Given these facts, your best course of action is to take PhillyGuy13's advice and divorce her. Despite how painful ending your marriage now and starting over will be, consider how much more difficult a spot you will be in if you patch things up with her, have children and then she cheats again.

Don't fall victim to the sunken cost fallacy, your emotions or your fears. You're still young. Get out now and then look for someone you can trust and build a life with.


----------



## Riley_Z

That was quite nice Carmen!


----------



## bandit.45

Hope the OP's wife didn't off him for the insurance...


----------



## tom67

bandit.45 said:


> Hope the OP's wife didn't off him for the insurance...


This one more or less got away with it
Andrea Sneiderman released from prison | www.ajc.com

She served 10 months of a 5 year sentence what a crock of...


----------



## poida

jnb150 said:


> shes calling me soon. ill approach the subject on the phone


So sorry JNB. 

9 months ago I would have supported R, now I just don't. It's never going to work.

Time to let her go and work on yourself. It's a long road but we are here for you.


----------



## lordmayhem

I must have missed the no children part. I must be getting slow. In that case....


----------



## PhillyGuy13

lordmayhem said:


> I must have missed the no children part. I must be getting slow. In that case....


We asked, but I don't think he ever said one way or the other. But since it was never mentioned I assumed no kids.

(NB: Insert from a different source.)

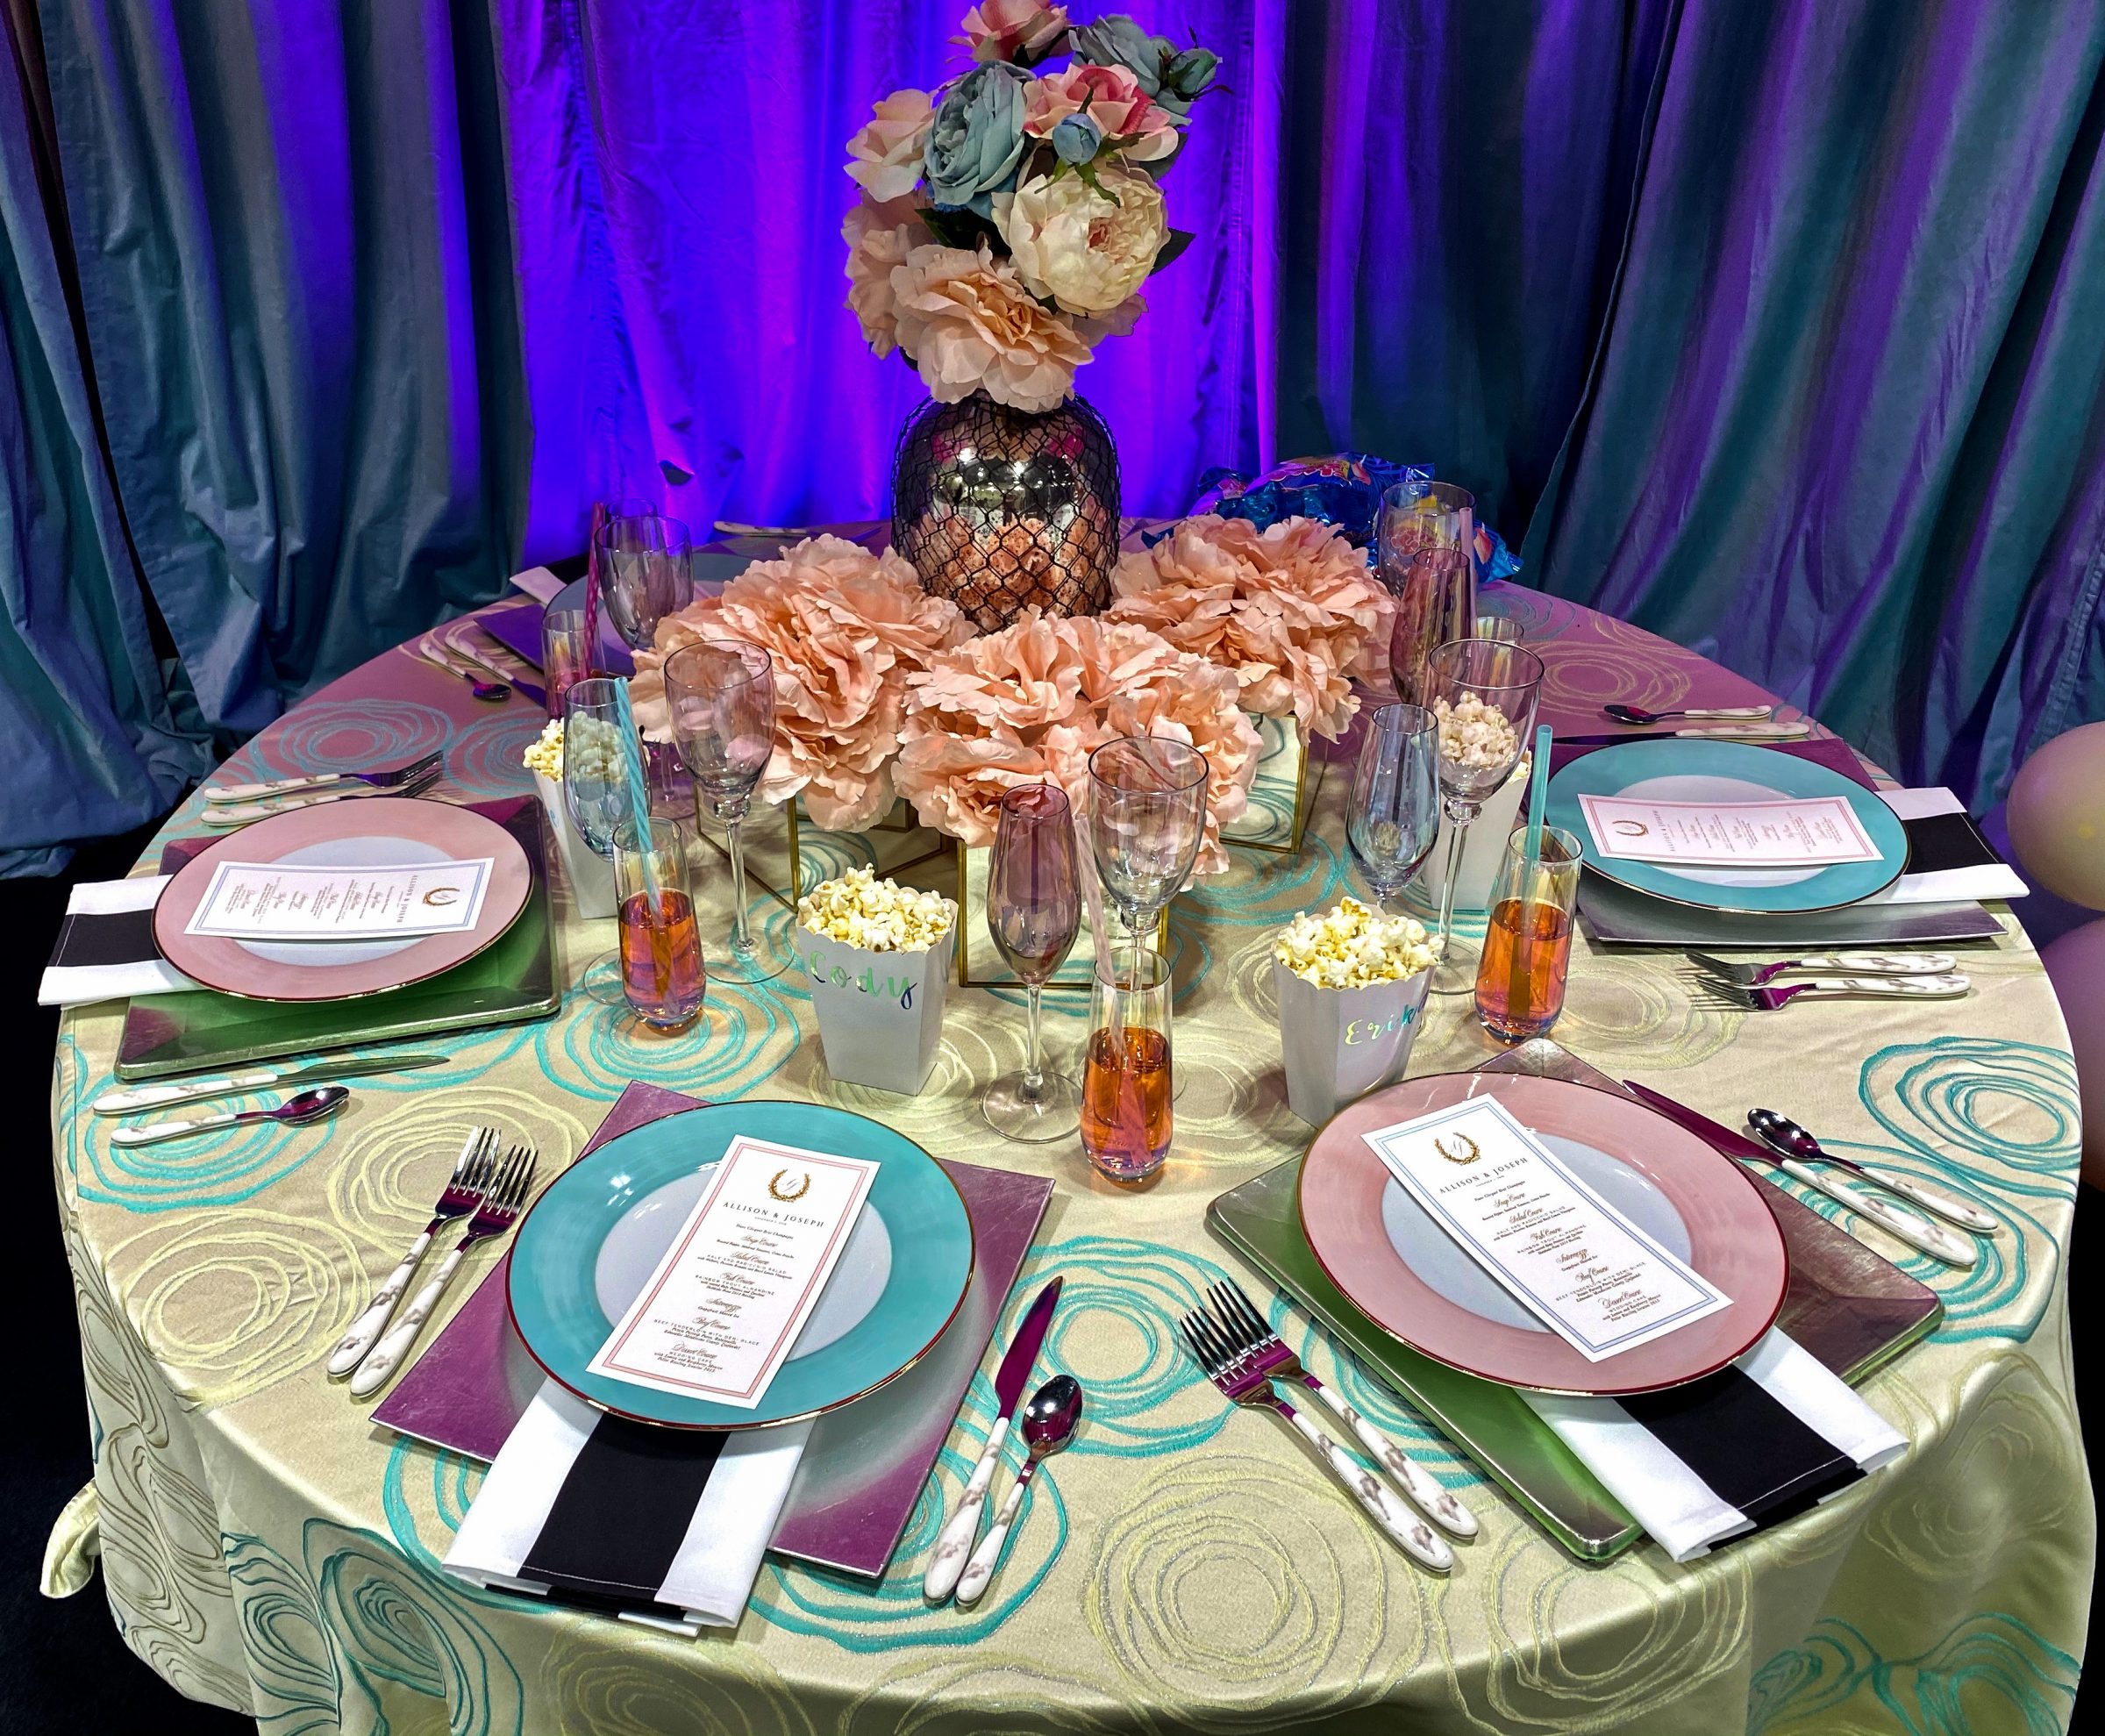 Wedding plates and tabletop decor

Not sure he is coming back at this point anyway... We will see


----------



## lordmayhem

That's because he found out from OMW that it was much, much worse that what WW trickle truthed to him. 

Kissing in the car? Yeah, right. We have to see this over, and over, and over again. Juveniles kiss, adults have sex.


----------



## GROUNDPOUNDER

The OP said that the OM's BS said that it was much more than kissing I believe.

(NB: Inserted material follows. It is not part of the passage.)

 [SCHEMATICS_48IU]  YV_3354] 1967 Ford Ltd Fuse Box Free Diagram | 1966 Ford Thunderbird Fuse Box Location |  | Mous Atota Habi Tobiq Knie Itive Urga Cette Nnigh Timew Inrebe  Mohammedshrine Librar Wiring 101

I have to wonder if the OM confessed to every type of sexual act that he did with the OP's WS. OP meets the OM's stbxw and she tells him all the horrid details.

He realizes that his WS did things with the OM that she never had done with him. He may have even asked her, begged her, to do them. But her stance was "I'm not that kind of girl". So he drops it.

Now he finds out that she really is IS "That kind of girl". Just not with him.

It's tough to come back here, even anonymously, and talk about what his WS really did. You just want to crawl into bed and never wake up again.

The waking nightmare begins and your life is forever changed.


----------



## Dyokemm

I just hope the OP didn't find out the true extent of his WW's betrayal and then lose it so bad he ended up in the pokey for smashing the POSOM like a bug.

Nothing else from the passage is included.